「乱暴なこと」と聞くと、ずいぶん遠い世界の話に思えるかもしれません。
でも、髪を掴む――これは、いちばん入口に近いところにあります。
道具もいらない。痛みを与えるわけでもない。
それでいて、攻める側にとっても受ける側にとっても、スイッチがはっきり入る。
僕らの場合も、特別なことを始めたつもりはなくて、気づいたら手が髪を掴んでいた、というのが正直なところでした
(その経緯は髪をどけてあげることから始まった話に書きました)。
ただ、入りやすいぶん、雑にやると一瞬で「ただの乱暴」に転びます。
やさしさのままギフトにするか、相手を傷つけるだけにするか。その分かれ目を、順番に書いていきます。
そんなに珍しいことじゃない
まず安心してほしいことがあります。
髪を引っ張られたい、押さえつけられたい――そういう気持ちは、思っているよりずっとありふれています。
これは僕の思い込みではなくて、調べてみても、髪を掴む・引っ張るはラフなプレイのなかではかなり「よくあること」の側でした。とりたてて珍しい性癖、というわけではないんです。
それを知って、僕は少しほっとしました。
昔の僕は「女の子に乱暴なことなんてできない」側の人間で、髪を引っ張るなんて論外だと思っていたからです。
ただ、ここで気をつけたいことがひとつ。
「よくあることなら、うちの相手もそうだろう」とは、ならない。
空想として持っているのと、実際にされて嬉しいのは、別の話です。人によって、まったく違う。
だから結論はいつも同じで、決めつけずに訊く。それに尽きます。
まず「掴み方」――痛くしないための基本
ここがいちばん実用的なところです。
髪は、扱い方を知らないと簡単に痛めます。
逆に、知っていれば見た目より安全に楽しめる。
ポイントは、根元を、面で掴むこと。
- 数本だけをつまんで引かない。いちばん痛いし、毛が切れたり傷んだりしやすい。手のひら全体で、大きく束ねて握る。

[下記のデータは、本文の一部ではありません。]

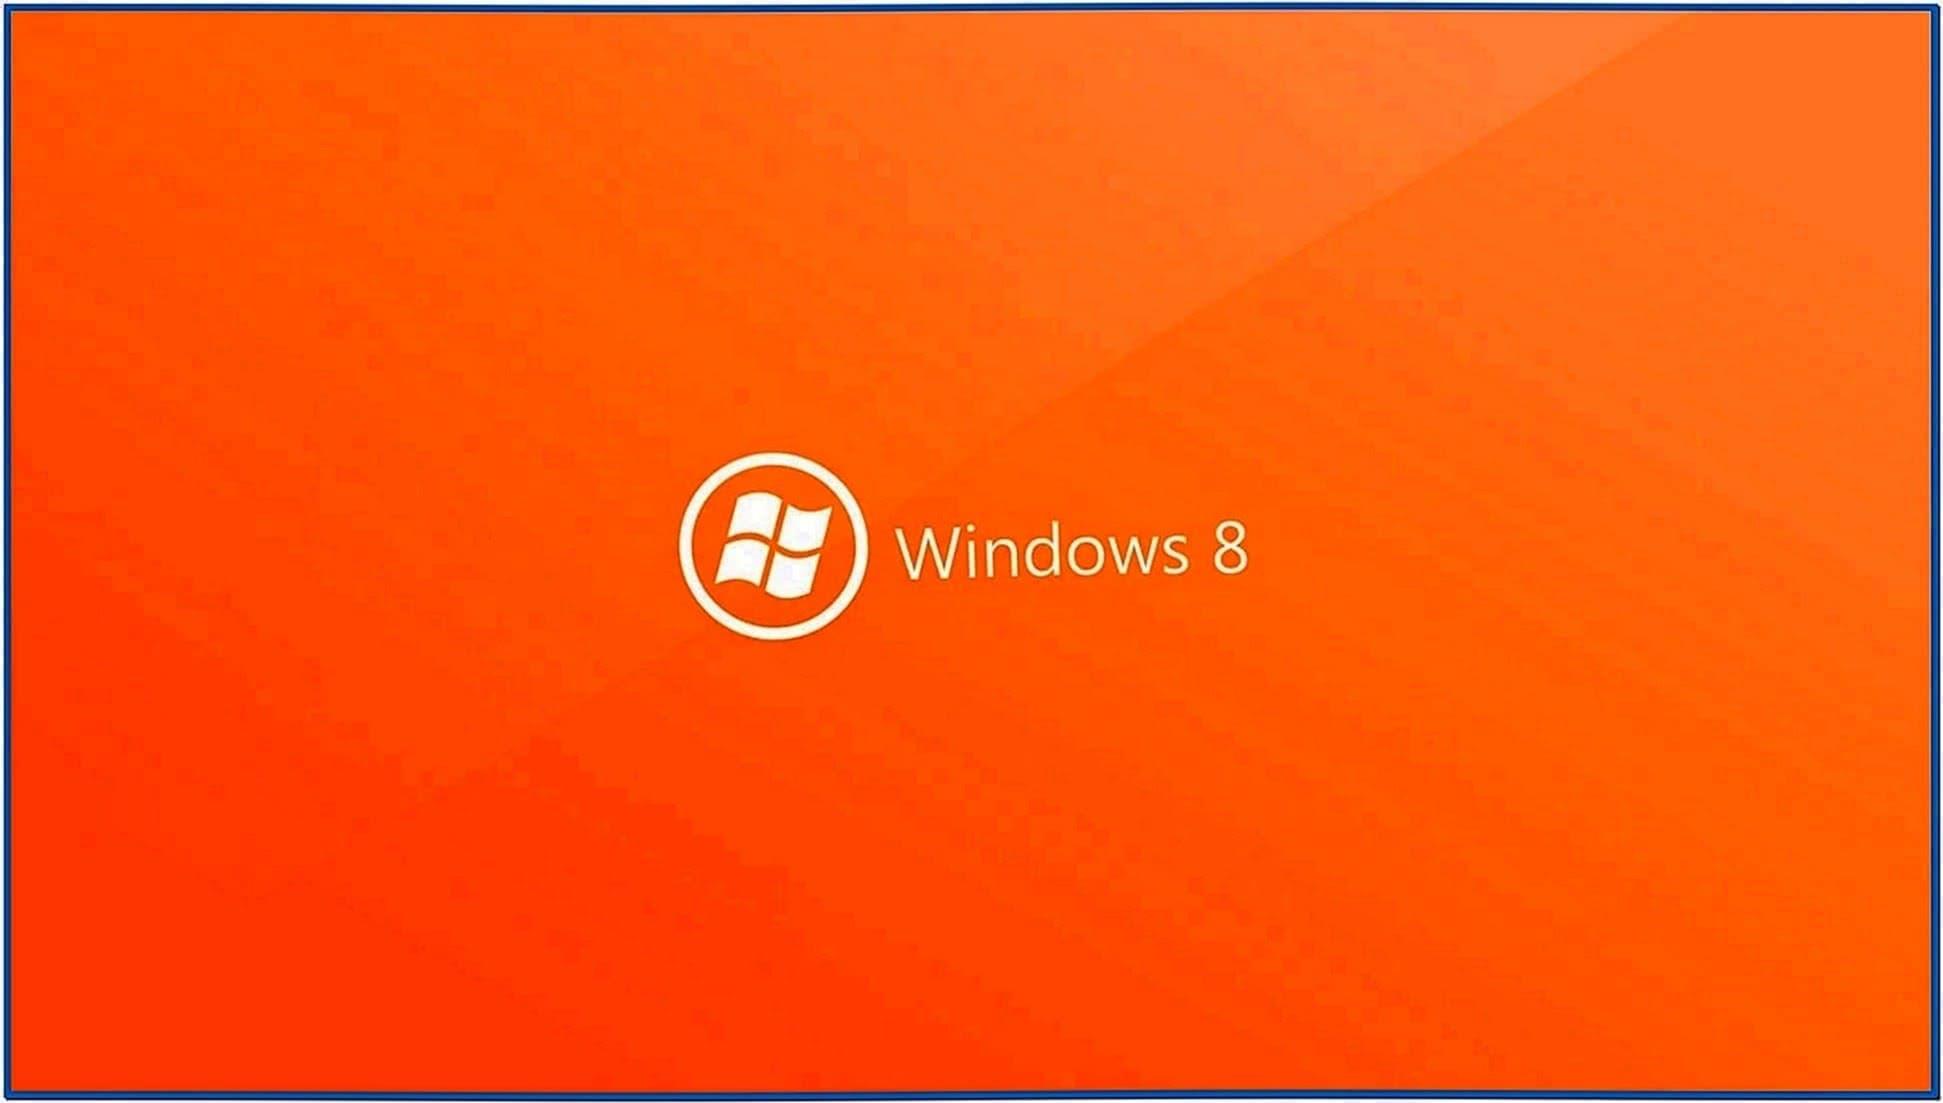 Cool Animated Screensavers Windows 8

力が分散するので、強く握っても頭皮への負担が減ります。
- 掴む位置は、後頭部からうなじのあたり。生え際の弱いところや、こめかみの細い毛は避ける。
- 急にガクンと引かない。動かすときは、引くというより「方向を決めて支える」感覚。じわっと。
- 後ろからのときは、突き込みと髪を引くのを「両方とも強く」はしない。とくに頭を後ろへのけ反らせる向きは、突きと重なると首に負担が集中します。どちらかは控えめに。

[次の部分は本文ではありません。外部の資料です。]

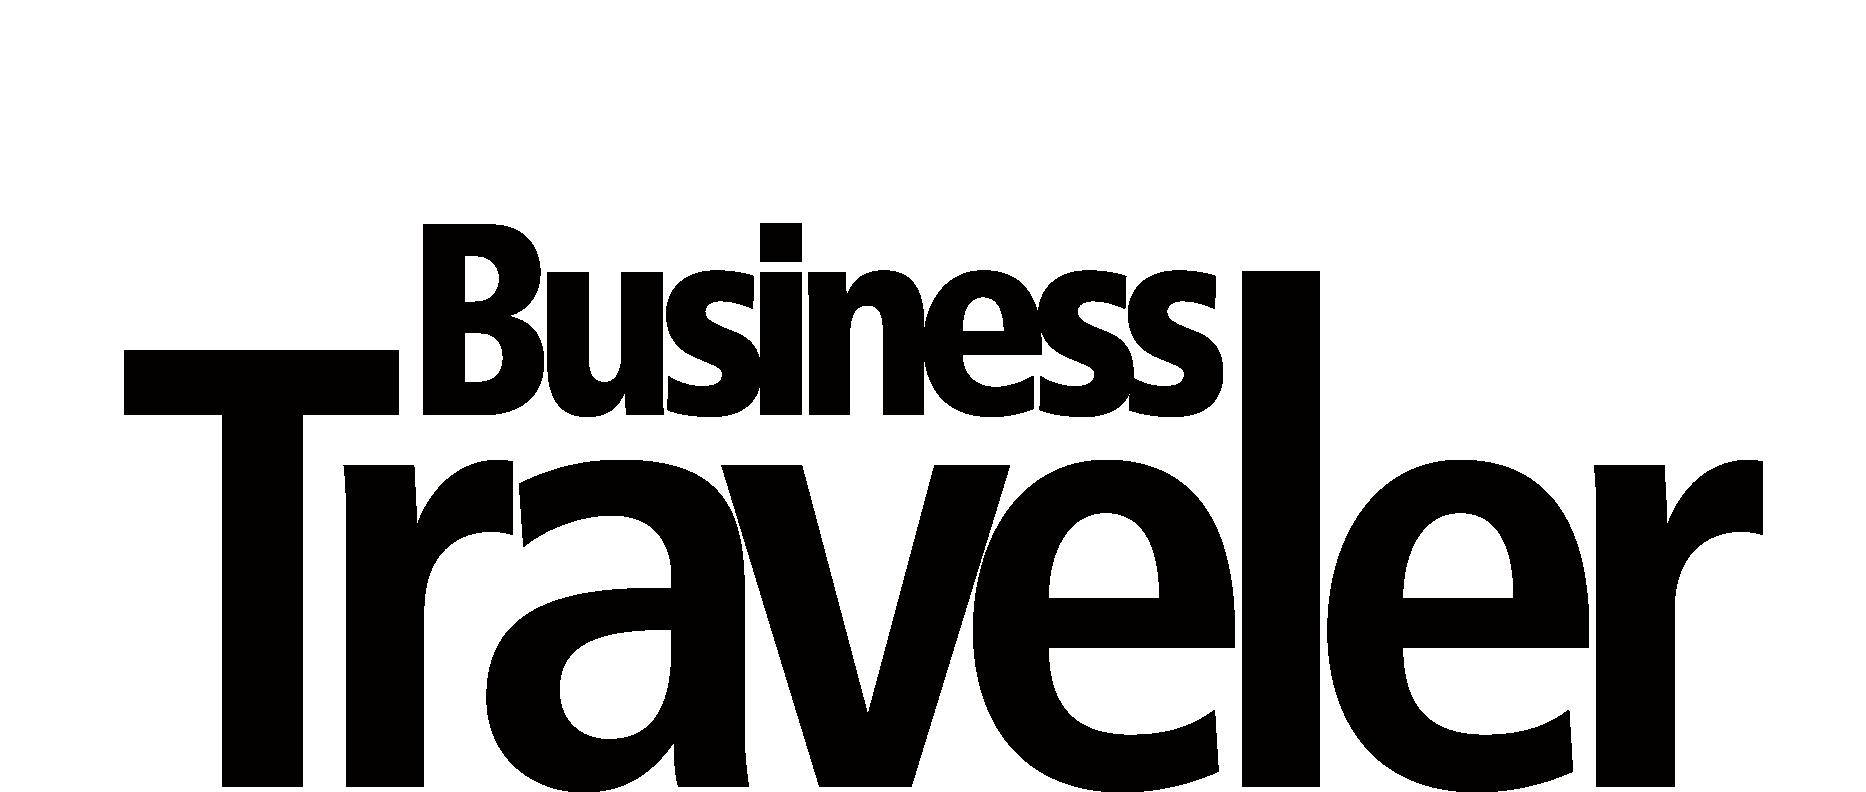 https://cdn.sitemaya.com/wp-content/uploads/sites/98/2021/09/23093131/businesstraveler_c.png

僕は、強さをあらかじめ決め打ちしないようにしています。
人はその日その時でコンディションが違うので、毎回、様子を見ながら少しずつ。
「これくらい?」と確かめながら上げていく。物足りなければ足せばいいだけで、やりすぎを戻すのは難しい。だから下から。

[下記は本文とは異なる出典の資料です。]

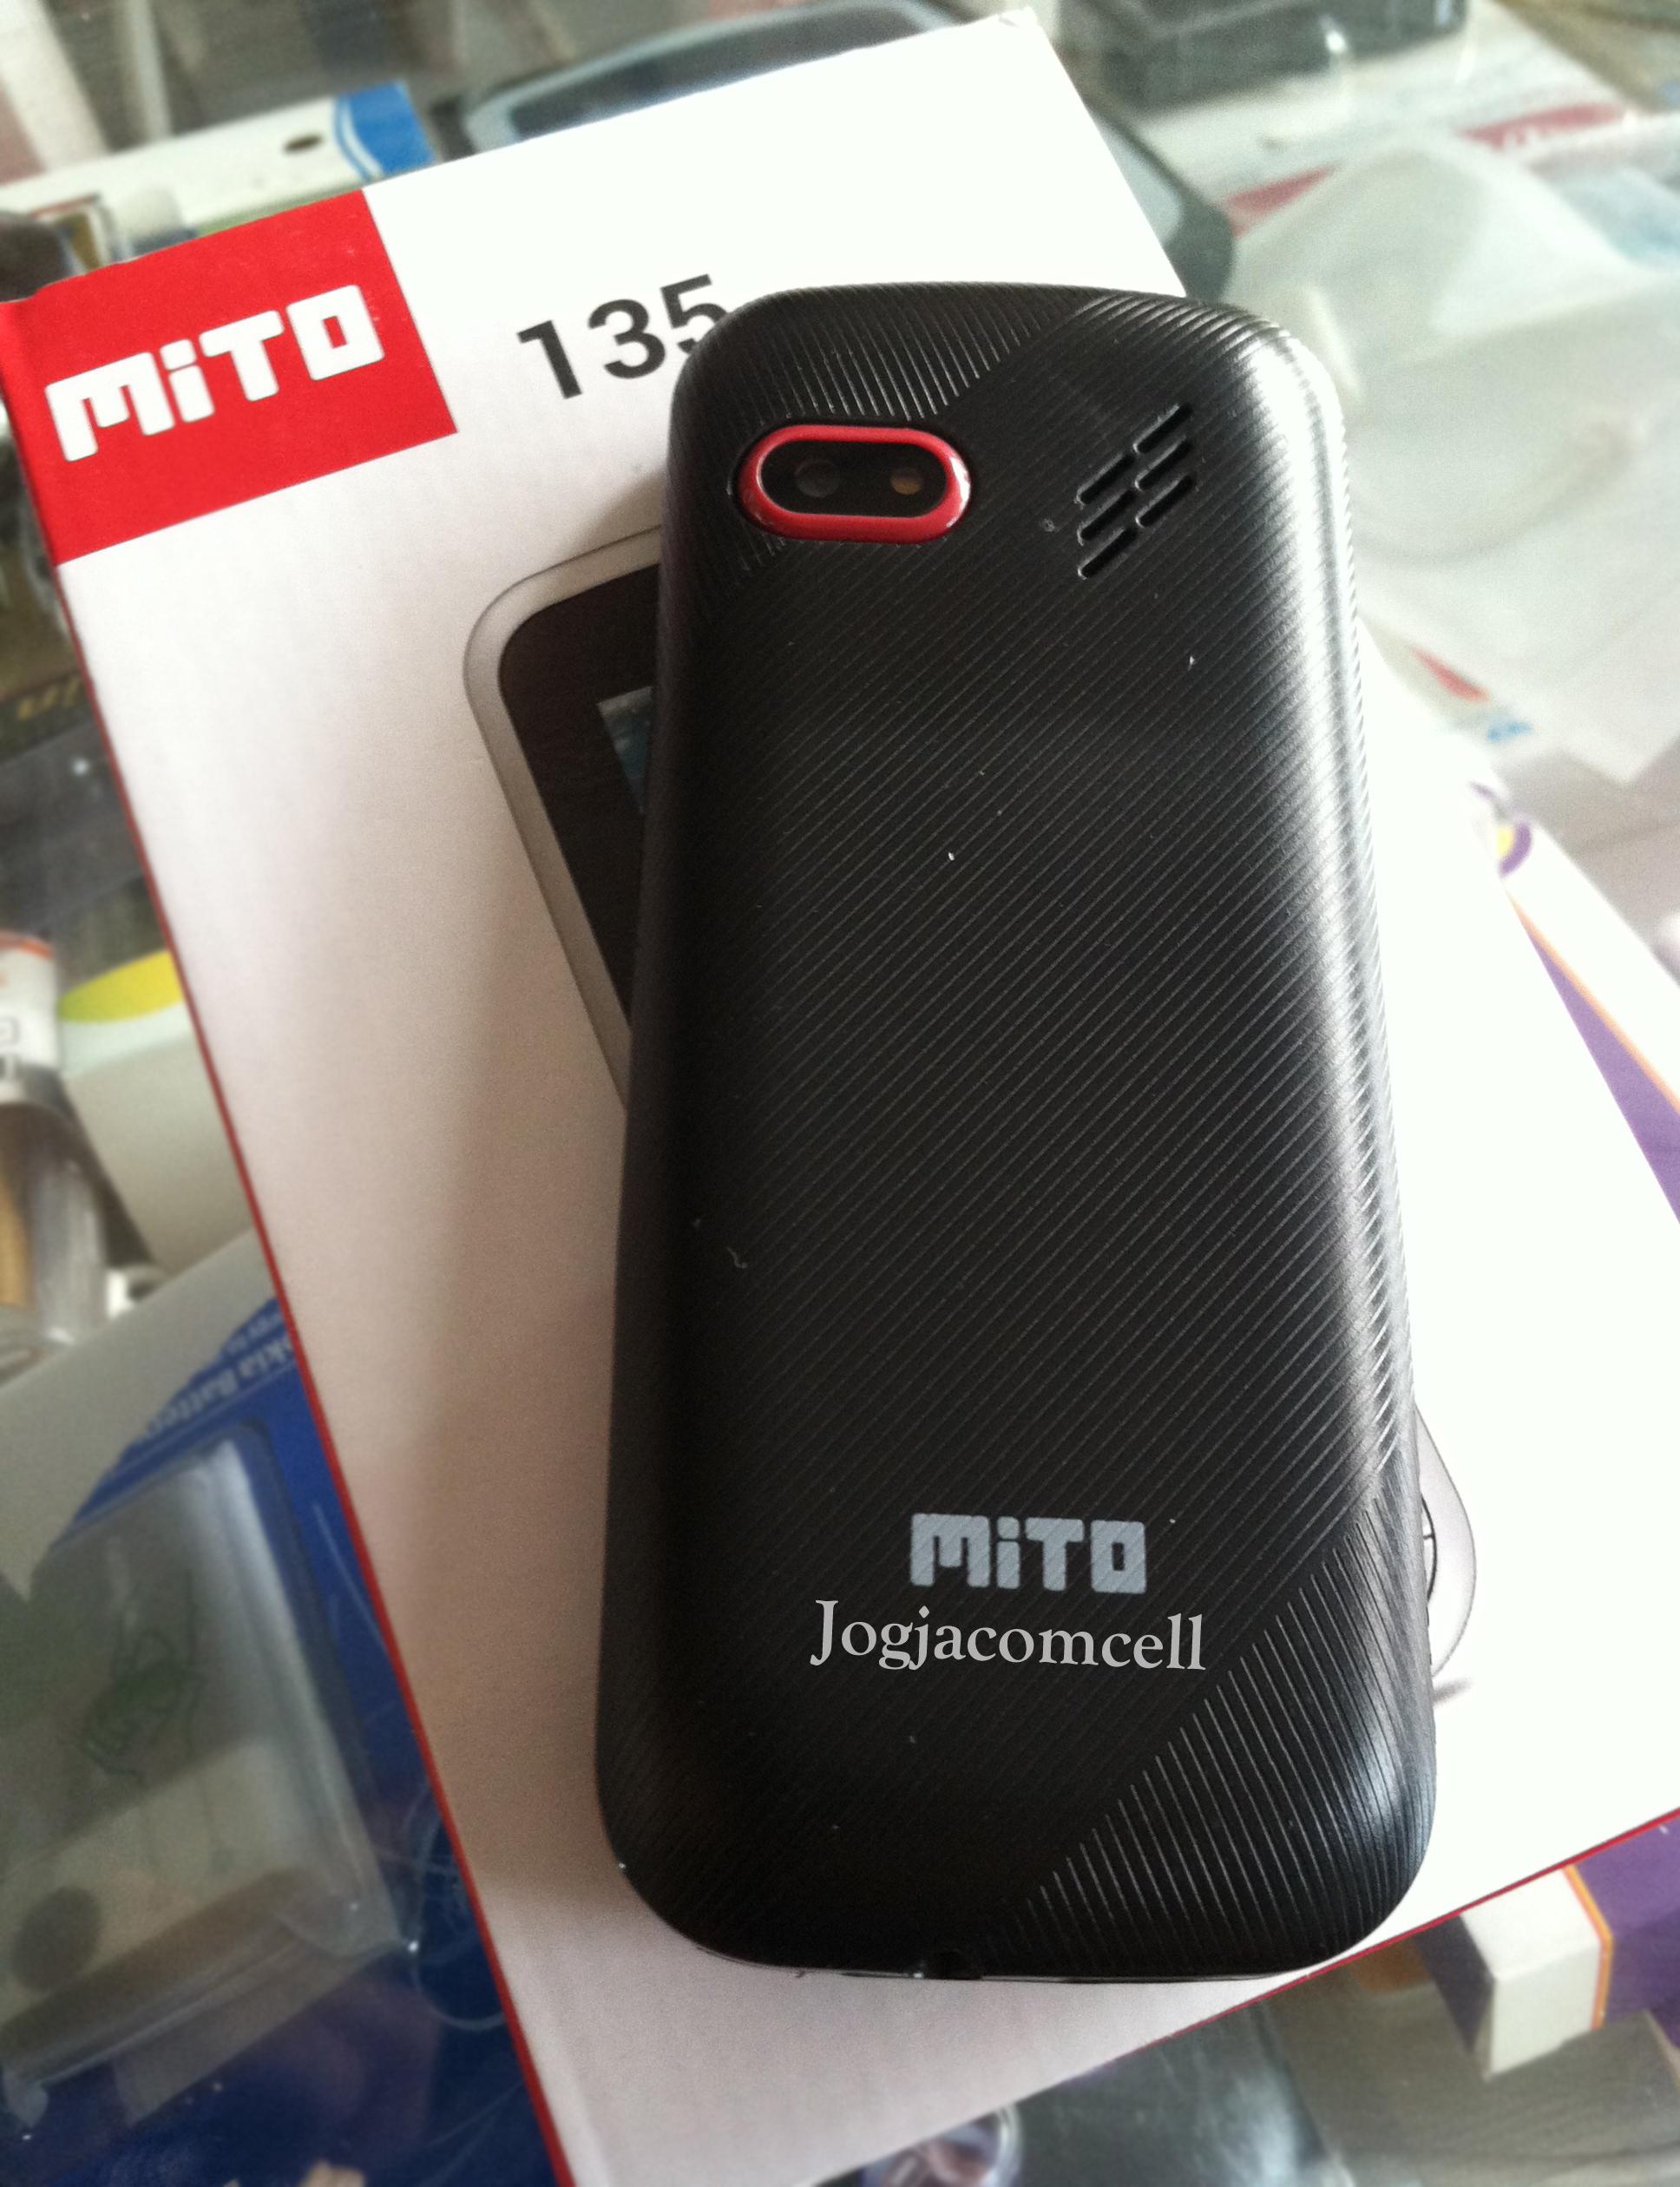 Mito 135 Handphone Hitam7 Daftar Harga Terkini Dan Terlengkap Fantasy A99 Android Jellybean 177 Inch Camera With Flash

このあたりは、同じ動作でもスタンスひとつで意味が変わるという、同じ行為でも立ち位置で真逆になる話とも地続きです。
口がふさがっている時は、別格の注意がいる
髪を掴む場面でいちばん多いのは、口でしてもらっているときだと思います。
そして、ここだけは安全のレベルが一段違います。
理由ははっきりしていて、相手が声を出せないから。
苦しい、やめて、を言葉にできない状態で、首や頭を動かすことになる。
だから僕らは、ここに必ず二つの安全装置を置いています。
ひとつは、言葉以外の合図。僕らは手で僕を叩く「タップ」にしています。
これは声が出せない時のセーフワードに詳しく書きましたが、口がふさがる行為とセーフワードが一番必要な行為は、見事に重なっている。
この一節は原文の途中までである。